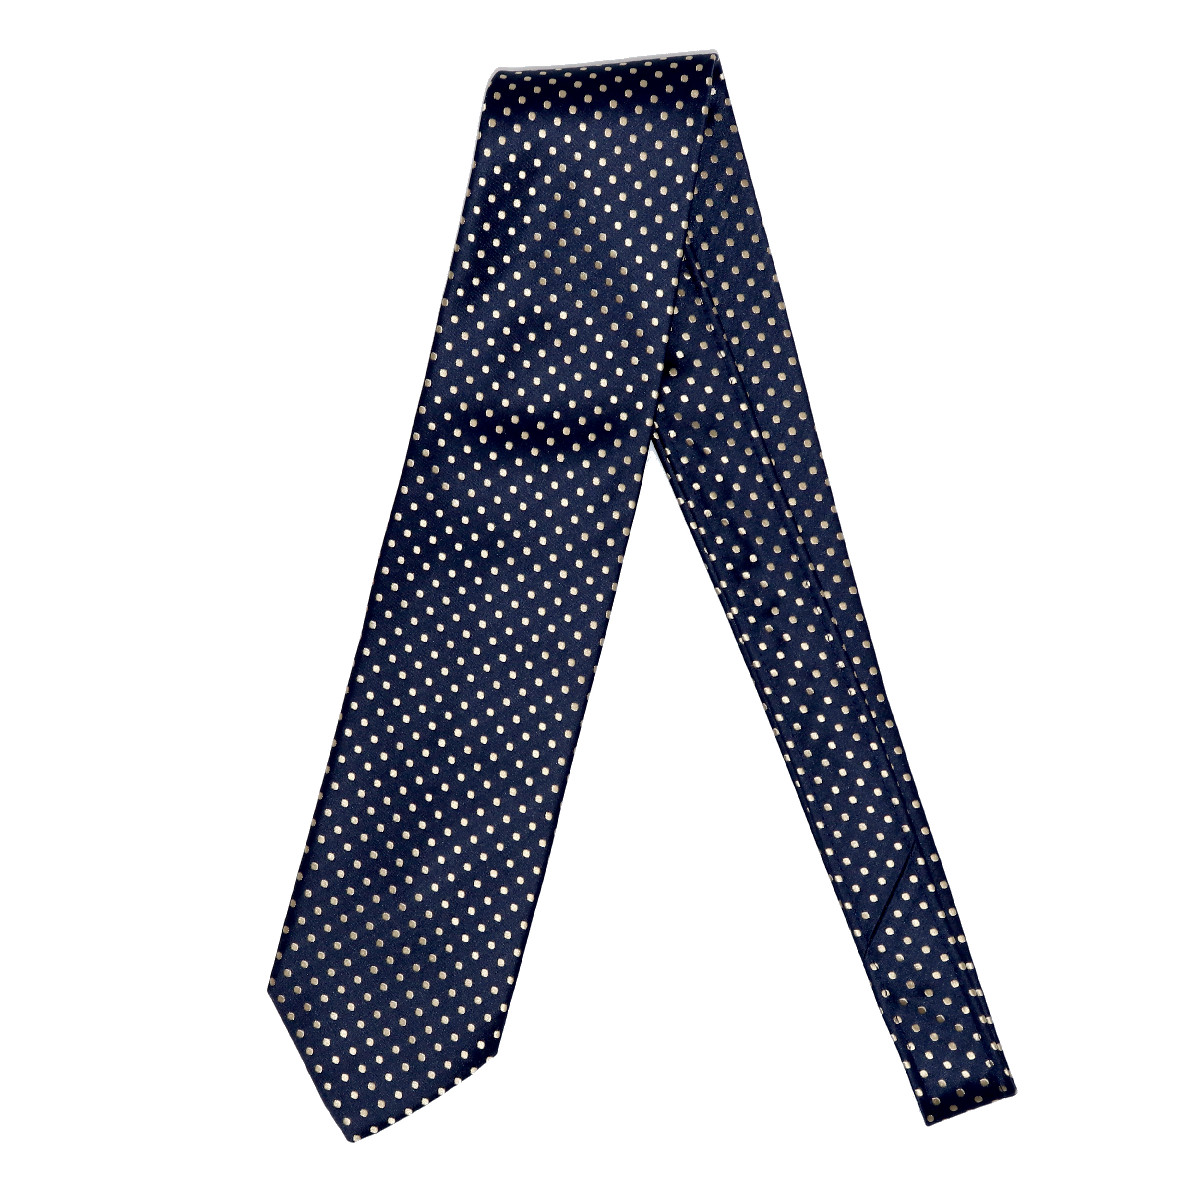 Refined business tie, 100% silk, ivory lurex dots on navy blue ...
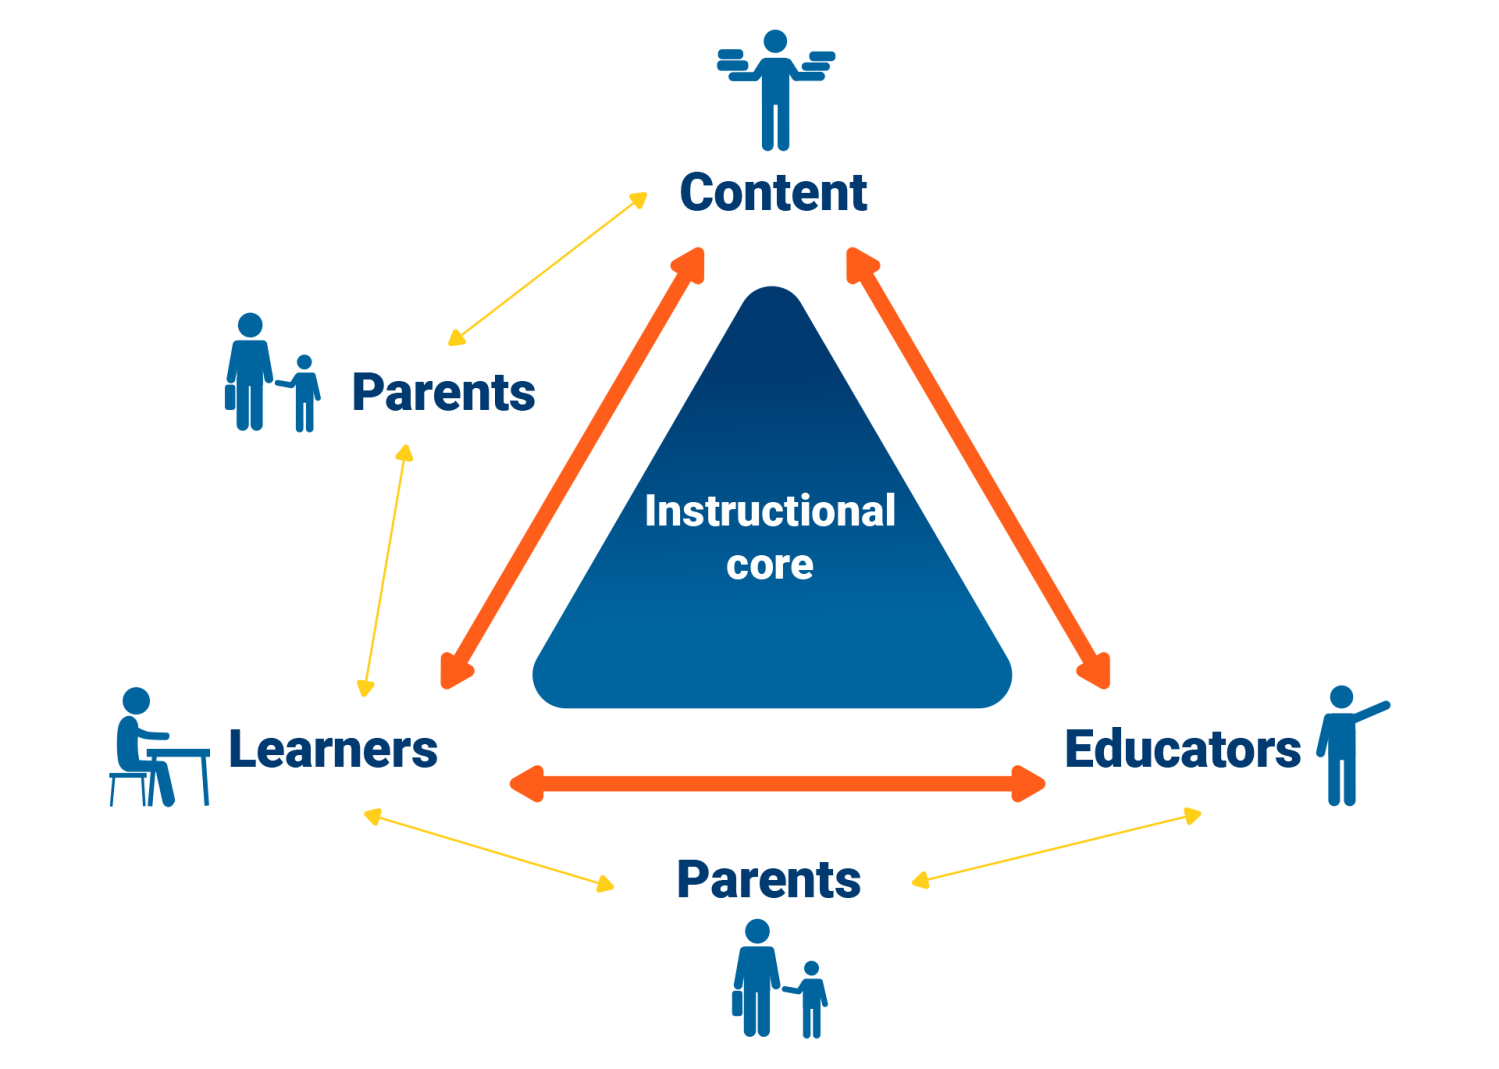 Figure 2. The instructional core
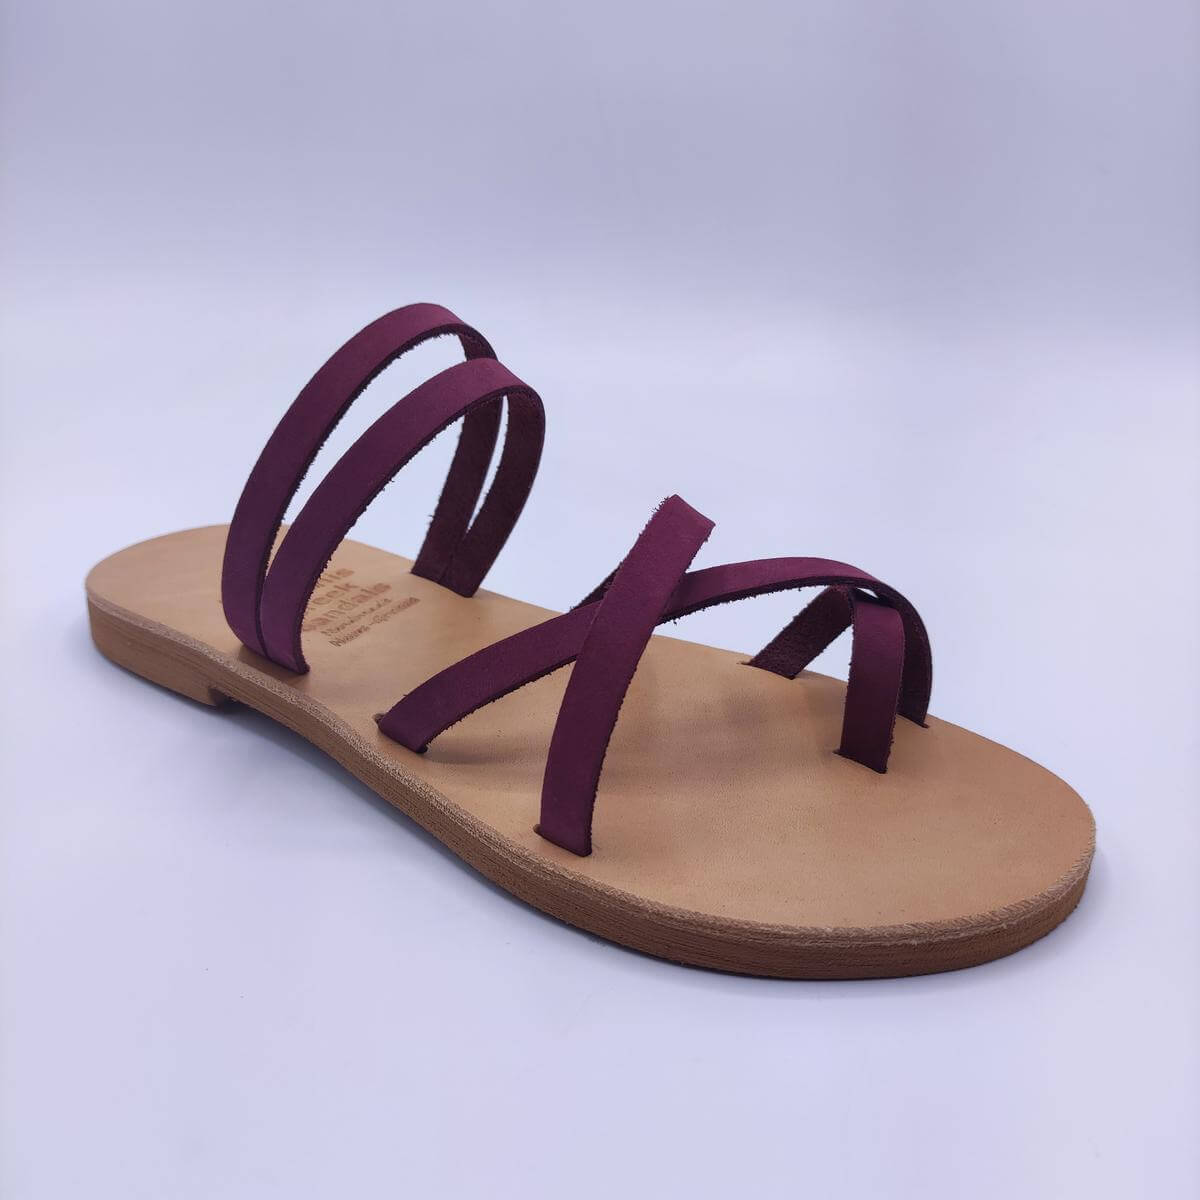 Naxos Women's Sandals Toe Loop - Leather Sandals
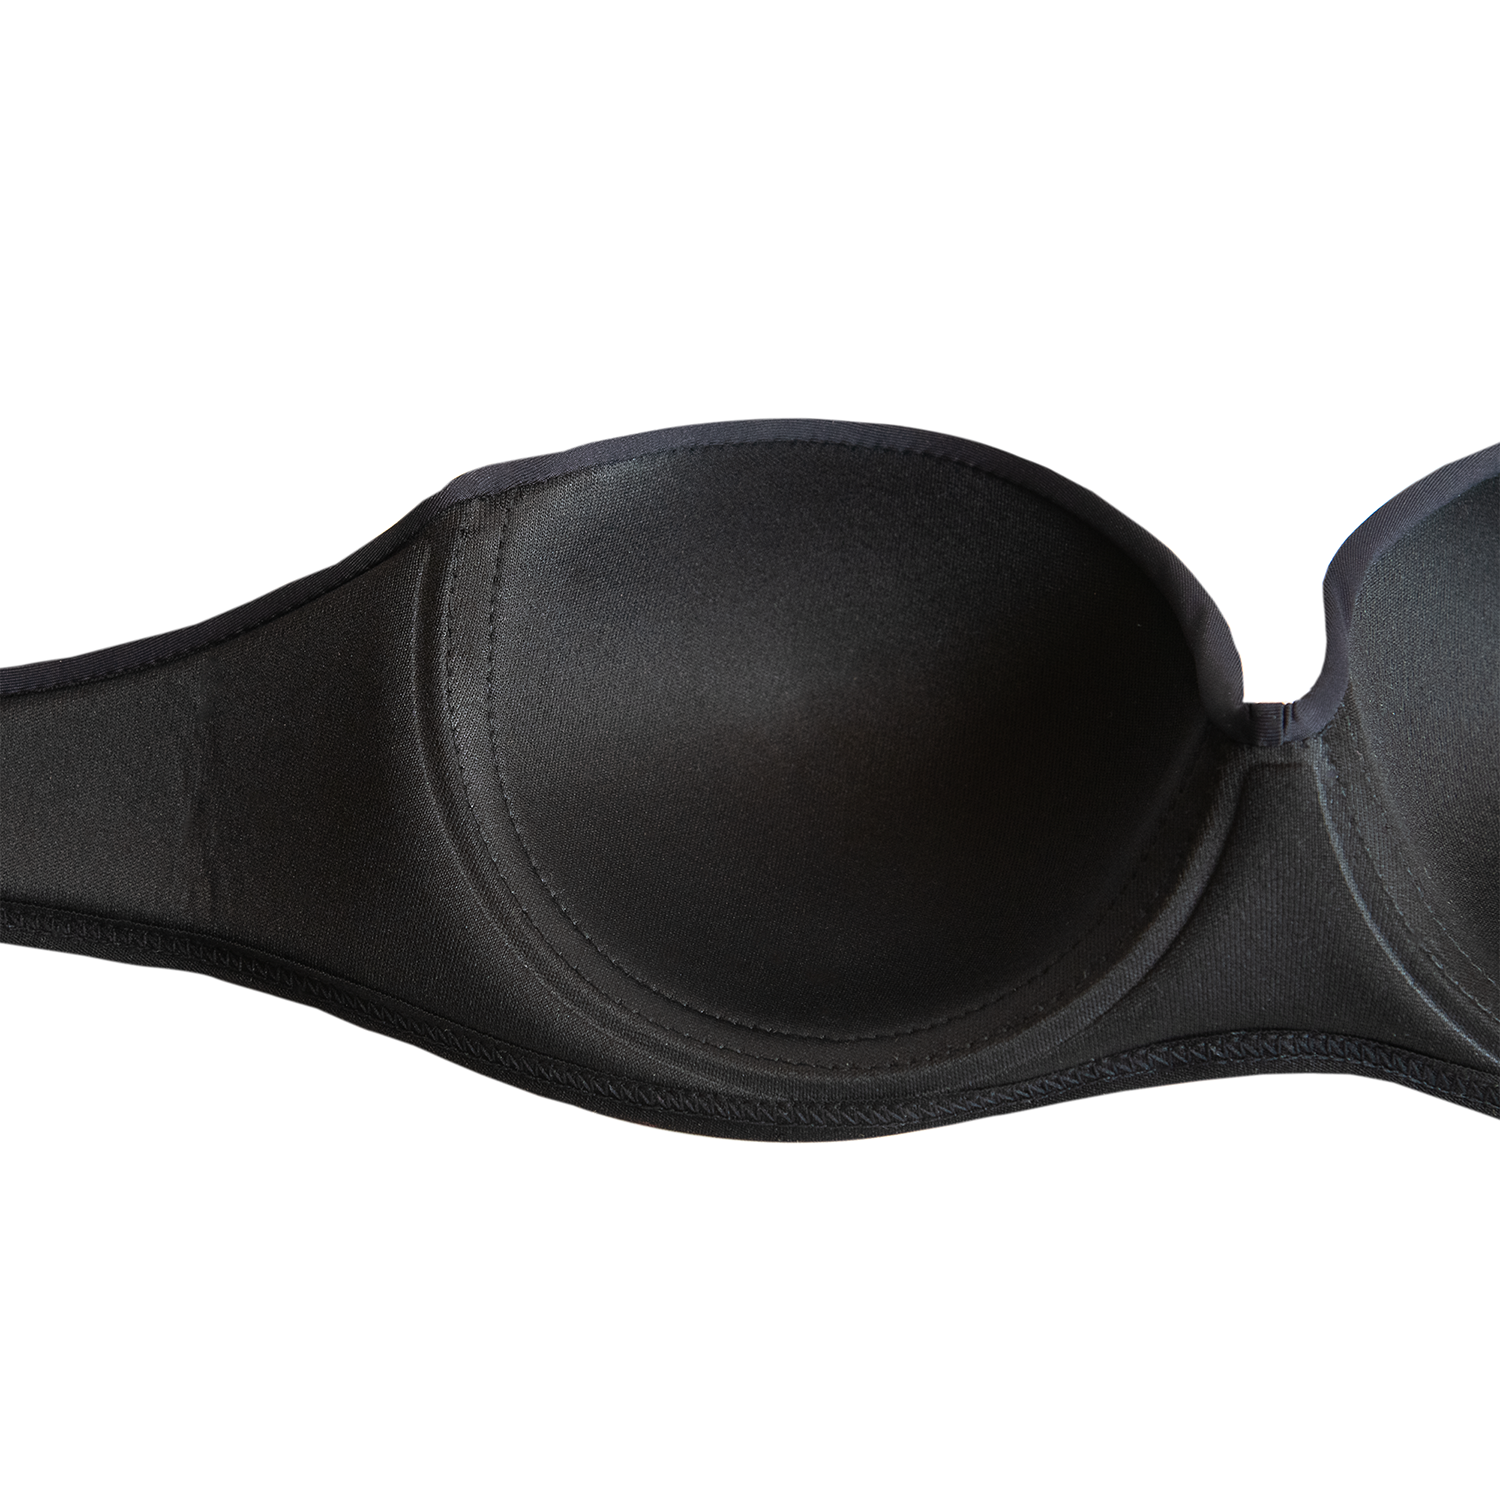 Black Strapless Bra Set with Side Hook – NALINGE公式オンラインストア・ランジェリー専門店

────────

• **Task goal**: Extract the full listing above verbatim; pictures are to be left out of the copy.

• **Written reply**:
 Refined business tie, 100% silk, ivory lurex dots on navy blue ...
 Figure 2. The instructional core
 Naxos Women's Sandals Toe Loop - Leather Sandals
 Black Strapless Bra Set with Side Hook – NALINGE公式オンラインストア・ランジェリー専門店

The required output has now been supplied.